За продвижение этого фильма в России неслучайно взялся «Гараж», одно из главных прибежищ для людей подобного толка, на автомате считывающих в «Тридцати» схожесть с собой любимыми. Каждый может извлечь из фильма свое; не поймешь, что о происходящем думают авторы, проживающие в Нойкёльне. Самокритика это или нарциссические пляски? Герои вызывают симпатию или антипатию? Это, видимо, зависит от степени узнавания. Наверно, «Тридцать» не был бы столь примечателен и любим, не будь он исполнен магии молодости вкупе с почти не отраженным в кино цайтгайстом 2010-х. Селфи на пленочный фотоаппарат. Все пьют пиво. На девушке шуба из эко-меха. В андеграундных клубах — нойз, а в бывших гаражах — техно-рейвы. Стены баров обложены кирпичом, квартиры не загромождены декором. Все это — приметы чего-то тутошнего. Особенно острыми кажутся наблюдения из области чувственного. Овюнч утомительно соблазняет девицу в пошловатом прикиде, которая, к тому же, елозит как егоза. Или вот: перед Паскалем у барной стойки возникает пьяная femme fatale, целует его, говорит что-то приторно-сладкое и исчезает, только он отвернется.
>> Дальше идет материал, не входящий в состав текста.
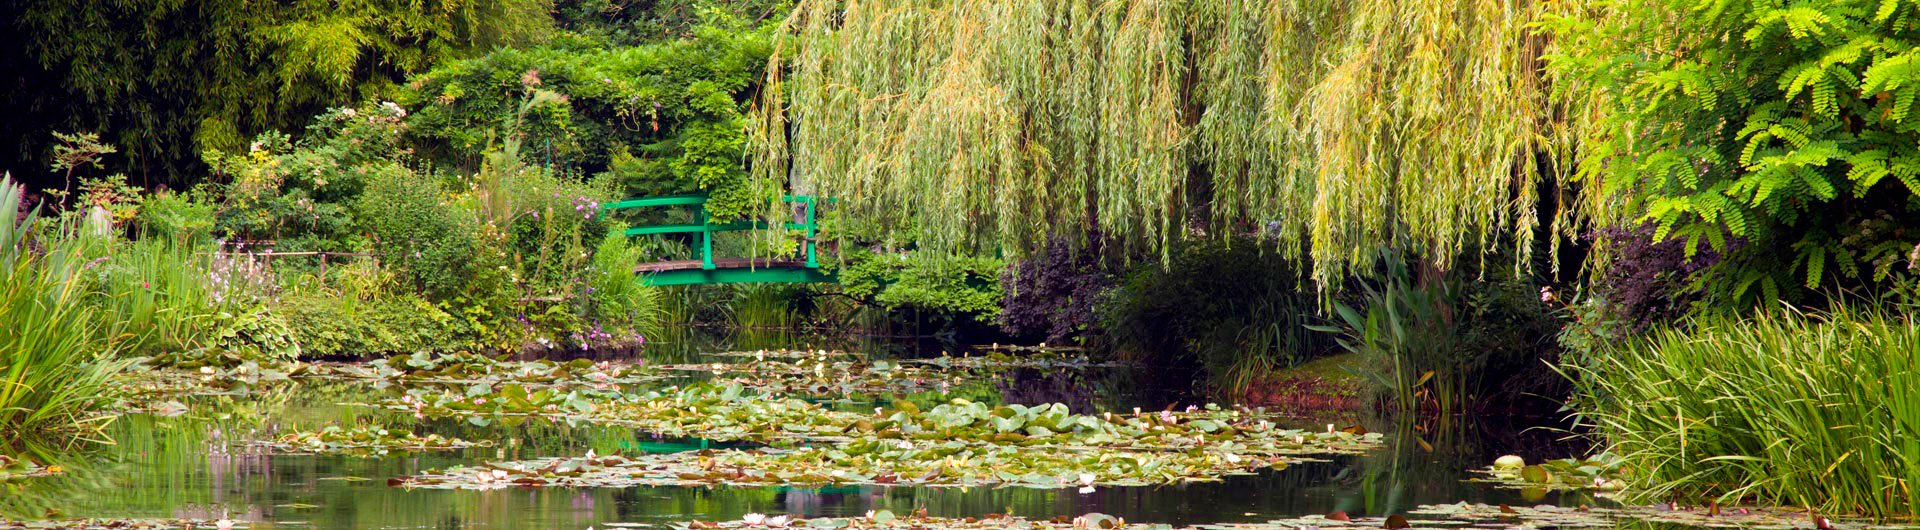 Guided tour of Giverny & Claude Monet
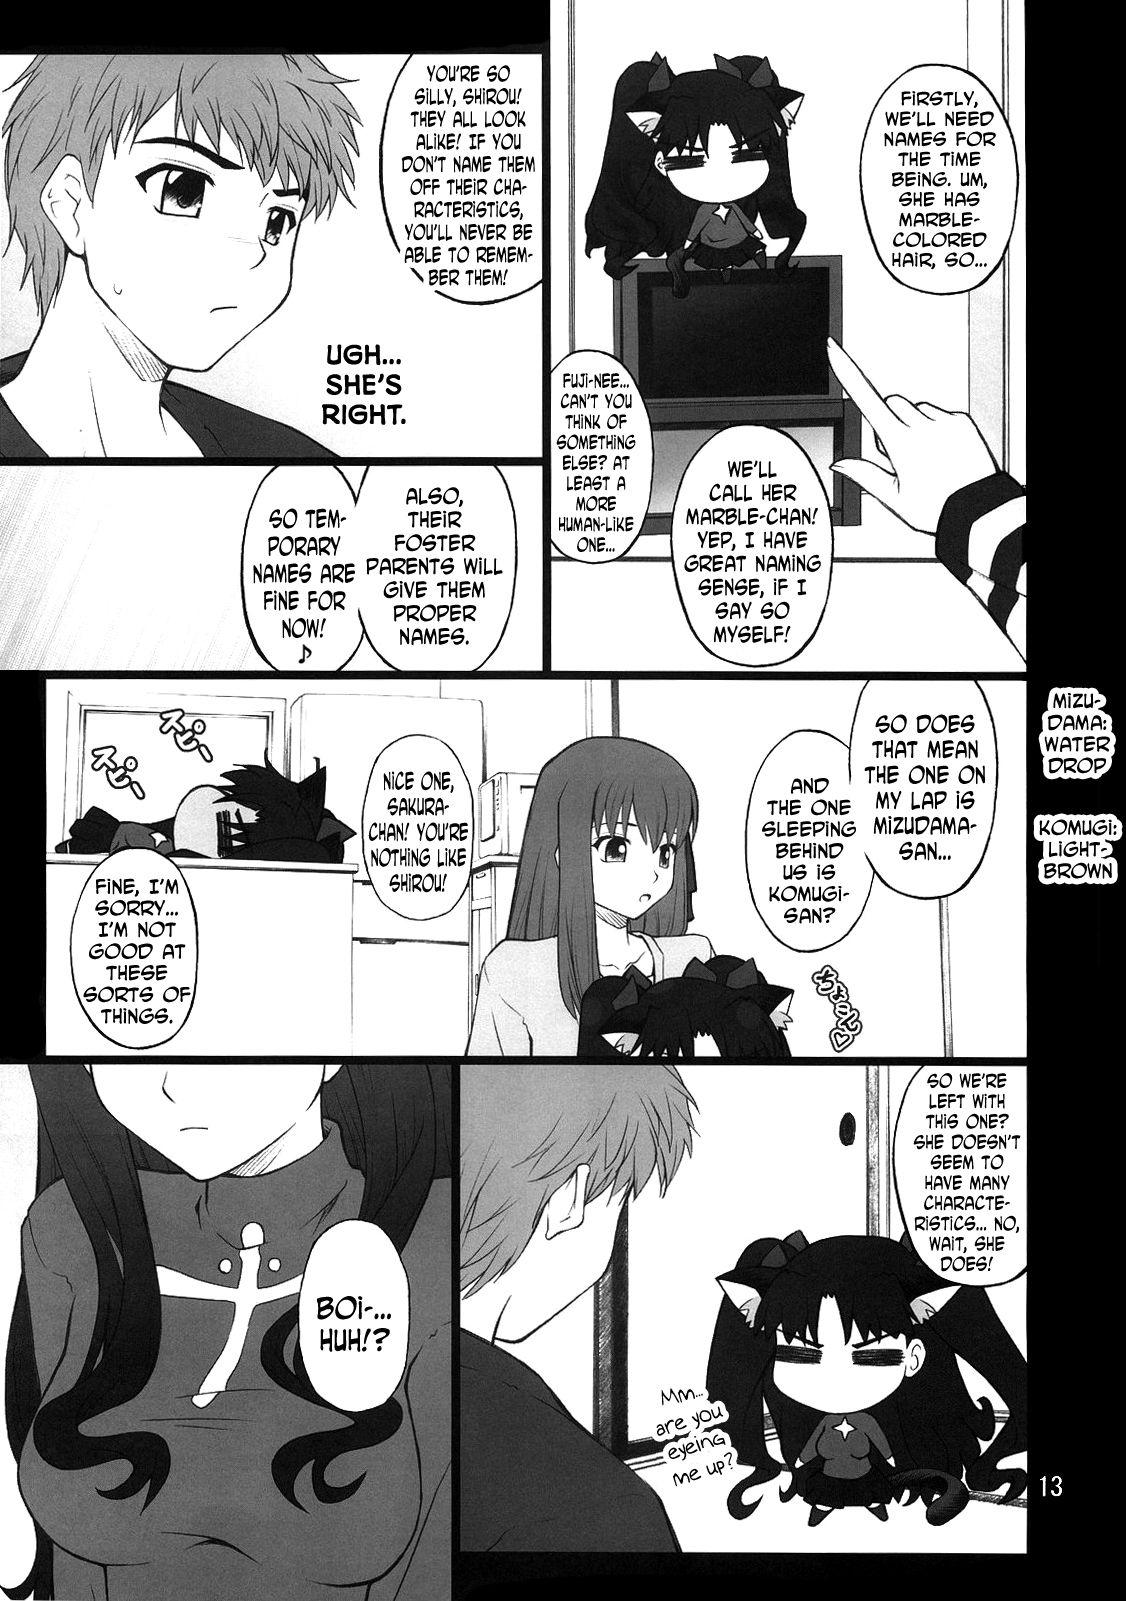 Strap On Grem-Rin 2 - Fate stay night Smalltits - Page 12

«Тридцать» — это фильм-пьянка, и закономерно кончается на рассвете, когда для возлияний больше нет сил, да и макияж стерся. Пьянка дежурная, из тех, что быстро набивают оскомину — ведь на безумства герои, кажется, не способны, а их разговоры не отличаются особенной содержательностью. Фильм Костовой оставляет в душе приблизительно тот же, похмельный, осадок. Символично, что в нашей стране он вышел в прокат первого января. Похмелье — как душевное состояние — тем обычно и примечательно, что располагает к самоанализу.